We are grateful to Neil MacKinnon, Tobias Schröder, Lynn Smith-Lovin, and Jan Stets for helping us expand our coverage of affect control theory’s approach to emotions.
- 2.
Throughout this chapter, we report female EPA sentiments based on a survey conducted at Indiana University, 2002–2004 (Francis and Heise 2006), and affective processes based on female impression-formation equations derived in 2011 from data collected at the University of North Carolina, 1978. We often refer to results obtained with Interact, the computer program based on affect control theory that can be used to simulate many aspects of social interaction, including emotional responses (Heise 1995). A manual (Heise 2014) explicates Interact and provides many example analyses.
- 3.
Some scholars have discussed emotion norms associated with particular settings such as work (Wharton 2009), home (DeVault 1991), or school (Jackson 2013).

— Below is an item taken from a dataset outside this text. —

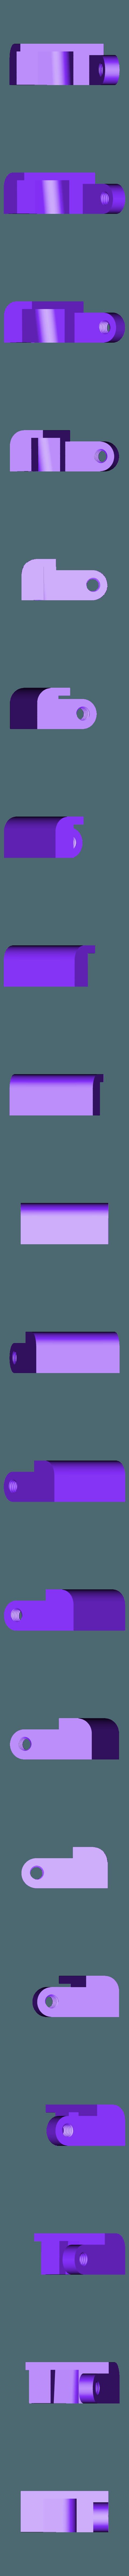 Bucket.stl Download free STL file Marblevator, Mechanisms • Object to 3D print, gzumwalt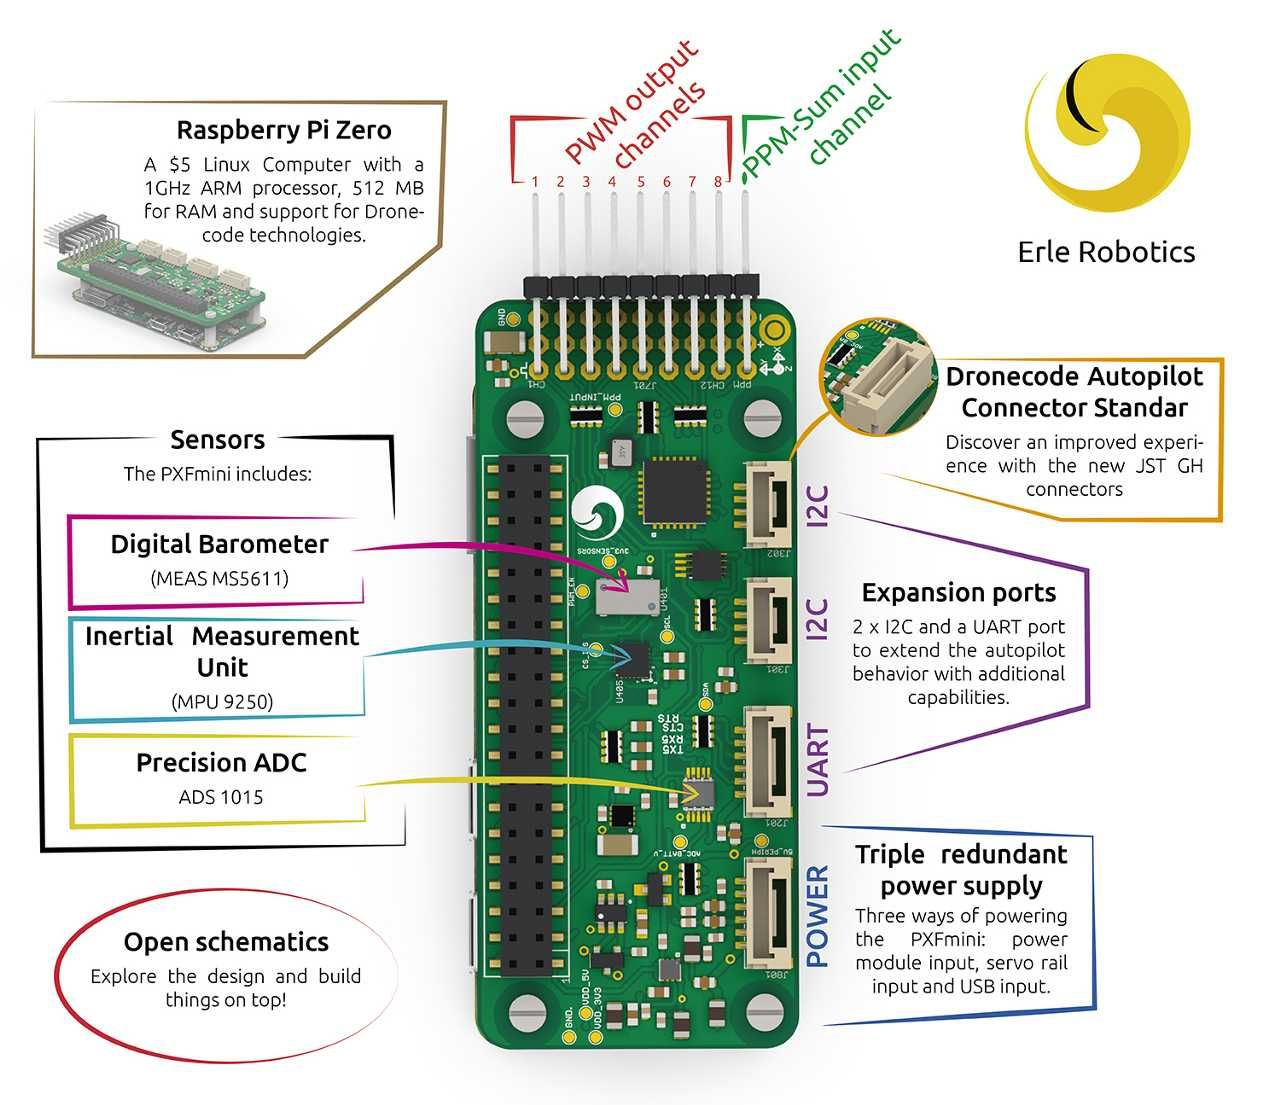 Raspberry pi zero a computer for 5 - Raspberry Pi Zero Quadrocopter

Affect control theory can incorporate settings into the composition of social actions, and it may be possible thereby to predict emotion norms for settings, especially if combined with interactant identities that institutionally match the setting—e.g., worshippers in a church.
- 4.
The Euclidean distance between two profiles is ‘‘the square root of the sum of squared differences on each of the EPA dimensions’’ (Heise 2007, p. 146).
- 5.
“Facial expressions are formed from the EPA profile computed for an individual’s emotion, according to the following rules: (a) open eyes with positive activity; (b) arch up brow with positive evaluation; (c) raise brow with negative potency, lower brow with positive potency; (d) move mouth higher with positive potency, and move upper lip higher with positive potency; (e) drop lower lip and narrow mouth with positive activity; (f) curve lips up with positive evaluation, down with negative evaluation.” (Heise, 2007, p. 140).
- 6.
The 2004 sentiment associated with flight attendant is a bit nicer and notably less active than the sentiment for flight attendant in 1978 (1.79 0.53 0.62 versus 1.40 0.48 1.33, female sentiments). Thereby the feeling norm (characteristic emotion) for a contemporary flight attendant is feeling contented or charmed, rather than delight and elation.
- 7.
Alito is second from left in the photo published at www.flickr.com/photos/whitehouse/4311877812/.
- 8.
See the photo published in The Economist April 13, 2013, at www.economist.com/news/europe/21576155-vladimir-putin-comes-under-fire-abroad-repressive-laws-home-put-his-place.
- 9.
Readers should consult the Rogers, Schröder, & von Scheve (2014) article for references to the various theories of emotion construction.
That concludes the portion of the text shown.